Upon consummation, Dr. Terry Matthews, a British and Canadian citizen, will hold a 32.6% interest in Mitel, and Arsenal Holdco Sarl (Arsenal
Holdco), a Luxembourg entity, will hold a 38% interest. Arsenal Holdco is wholly-owned by Francisco Partners II (Cayman) L.P. (Francisco
Partners). Francisco Partners GP II (Cayman) L.P. (Francisco Partners GP) is the general partner of Francisco Partners. Francisco Partners GP II
Management (Cayman) Limited (Francisco Partners GP II Management) is the general partner of Francisco Partners GP. Francisco Partners,
Francisco Partners GP, and Francisco Partners GP II Management are all Cayman Islands' entities. No other entity or individual will hold 10% or
greater direct or indirect equity or controlling interest in Mitel.

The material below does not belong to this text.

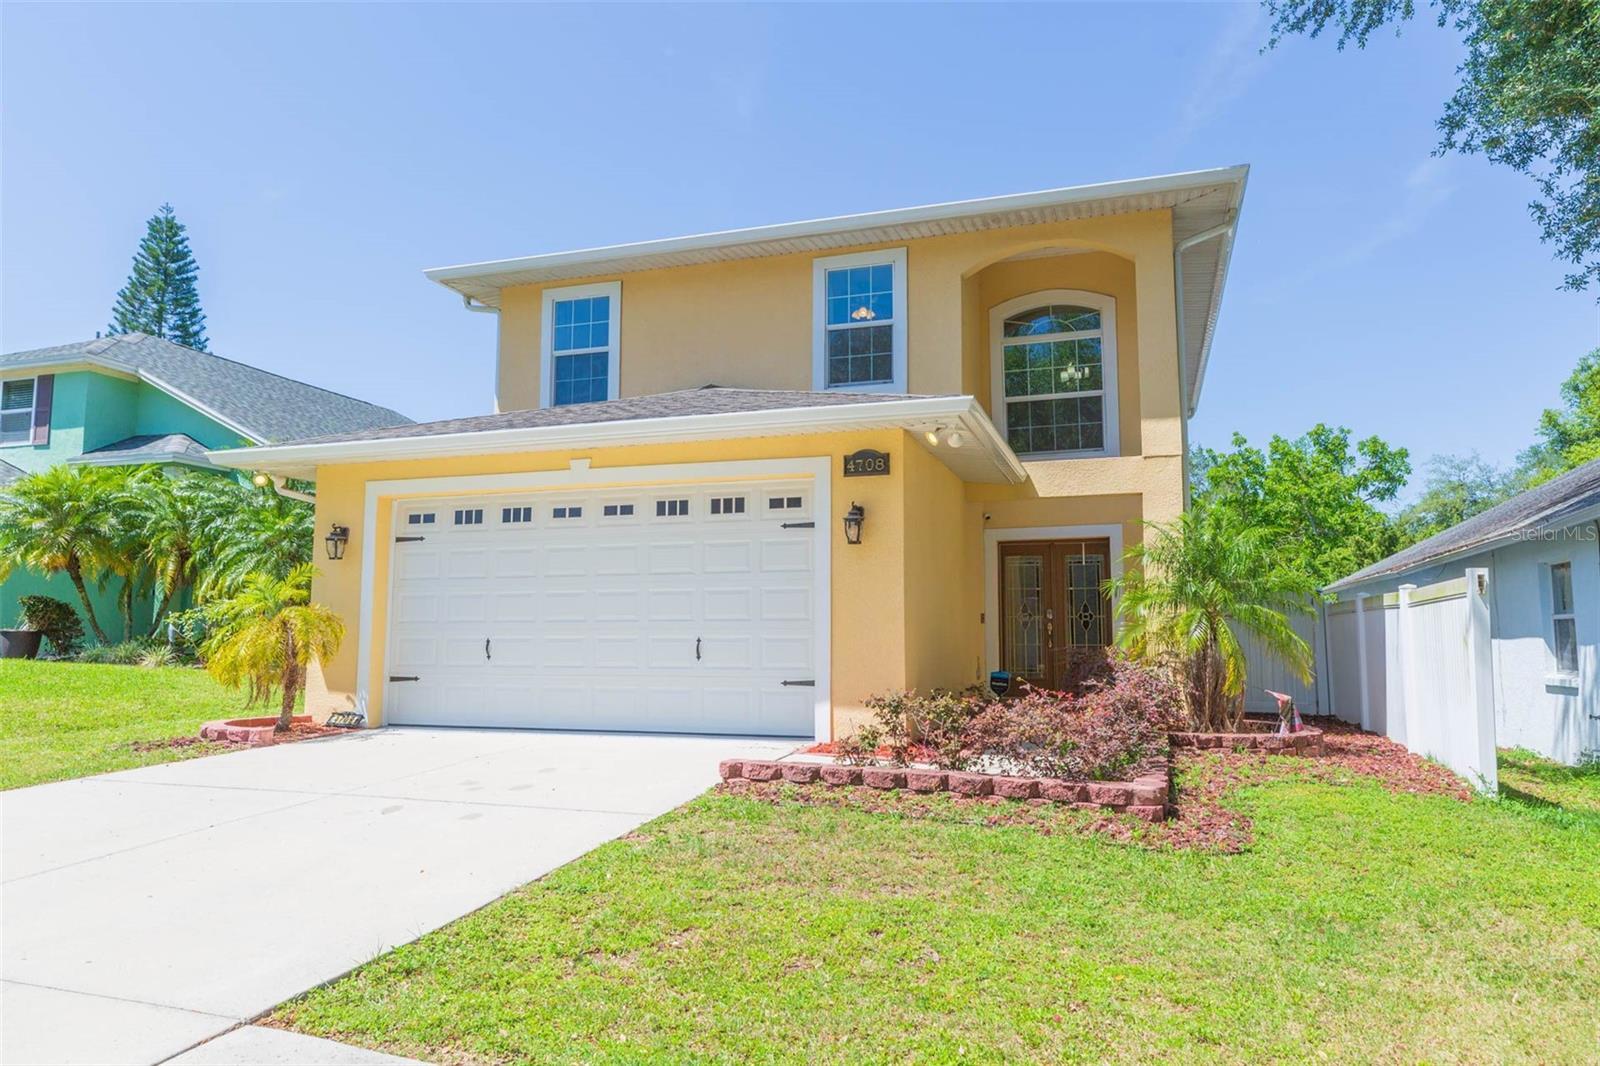 Photo one of 4708 Dunquin Pl Tampa FL 33610 | MLS T3519394
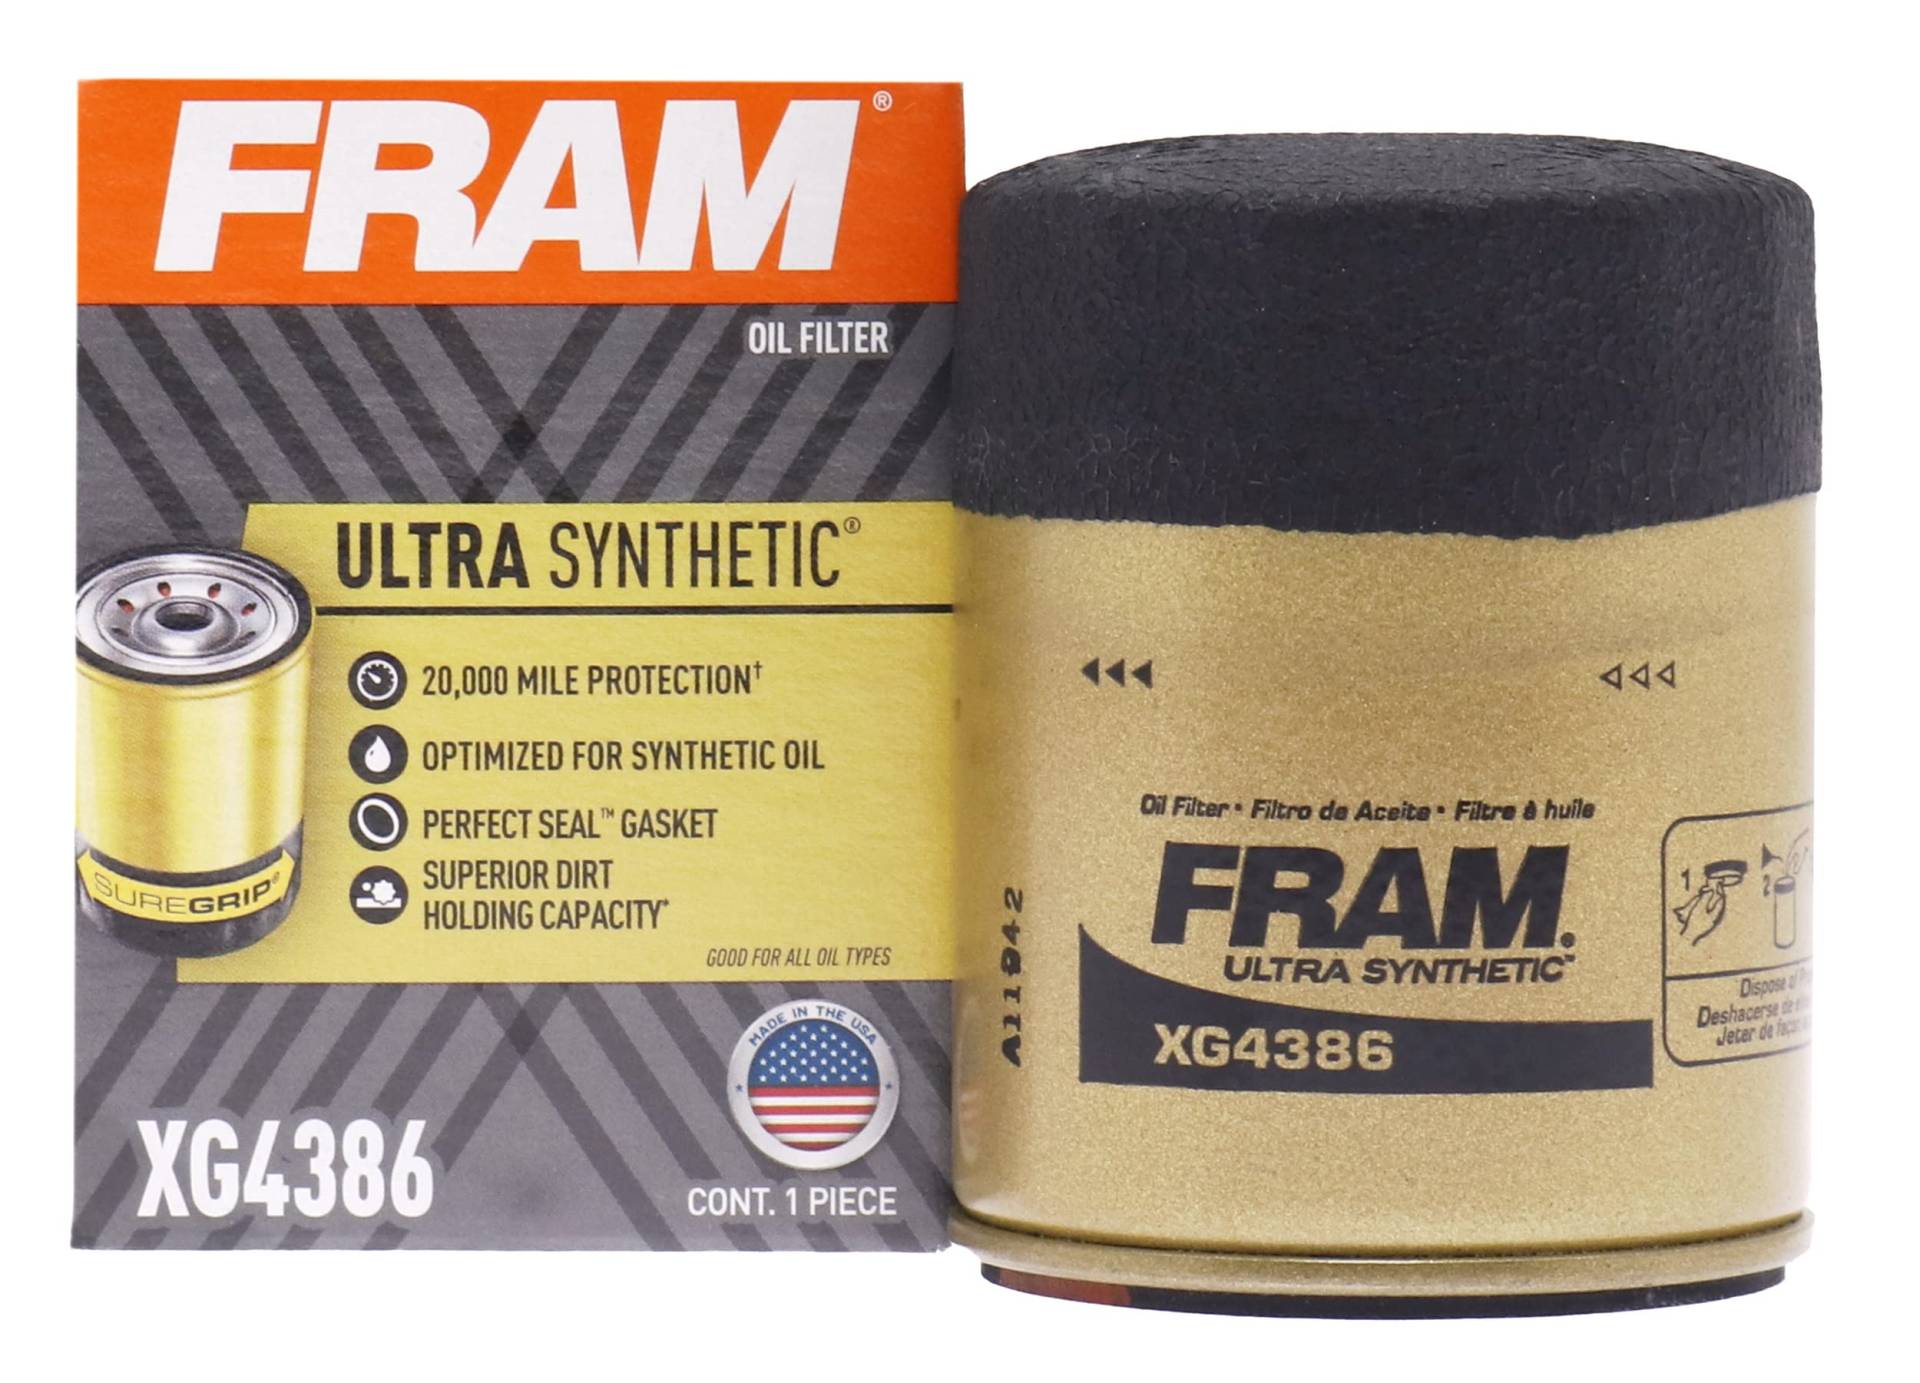 FRAM Ultra Synthetic 20.000 Mile Protection Oil Filter XG4386 with SureGrip (1 Stück) von Fram

                                                                   Page 2 of 4


ITC-T/C-20070717-00276          E                Leading Edge Broadband Services, LLC
Transfer of Control
Current Licensee:   Leading Edge Broadband Services, LLC
FROM: Joseph Stechler & Company
TO:   David J Chadwick
Application for consent to transfer control of international section 214 authorization, ITC-214-20010213-00070, held by Leading Edge
Broadband Services, LLC (LEBS) from Joseph Stechler & Co. (Stechler), to David J. Chadwick, a U.S. citizen. Pursuant to an informal sale
transaction, Stechler proposes to transfer its 17.5% equity interest in LEBS to Mr. Chadwick, who currently owns 50% interest in LEBS. Upon
consummation of this sale, Mr. Chadwick will hold 67.5% ownership interest in LEBS. The remaining 32.5% interest in LEBS, currently held by
Jonathan Rosenberg, is the subject of another contemplated contemporaneous transfer of control transaction (ITC-T/C-20070717-00277). Upon
closing of that transaction, Mr. Chadwick is expected to become the 100% owner of LEBS.

ITC-T/C-20070717-00277          E                Leading Edge Broadband Services, LLC
Transfer of Control
Current Licensee:   Leading Edge Broadband Services, LLC
FROM: Jonathan Rosenberg
TO:   David J Chadwick
Application for consent to transfer control of international section 214 authorization, ITC-214-20010213-00070, held by Leading Edge
Broadband Services, LLC (LEBS) from Jonathan Rosenberg to David J. Chadwick, a U.S. citizen. Pursuant to an informal sale transaction, Mr.
Rosenberg proposes to transfer his 32.5% equity interest in LEBS to Mr. Chadwick, who currently owns 50% interest in LEBS. Upon
consummation of this sale, Mr. Chadwick will hold 82.5% ownership interest in LEBS. The remaining 17.5% interest in LEBS, currently held by
Joseph Stechler & Co., Inc., is the subject of a contemplated contemporaneous transfer of control transaction (ITC-T/C-20070717-00276). Upon
closing of that transaction, Mr. Chadwick is expected to become the 100% owner of LEBS.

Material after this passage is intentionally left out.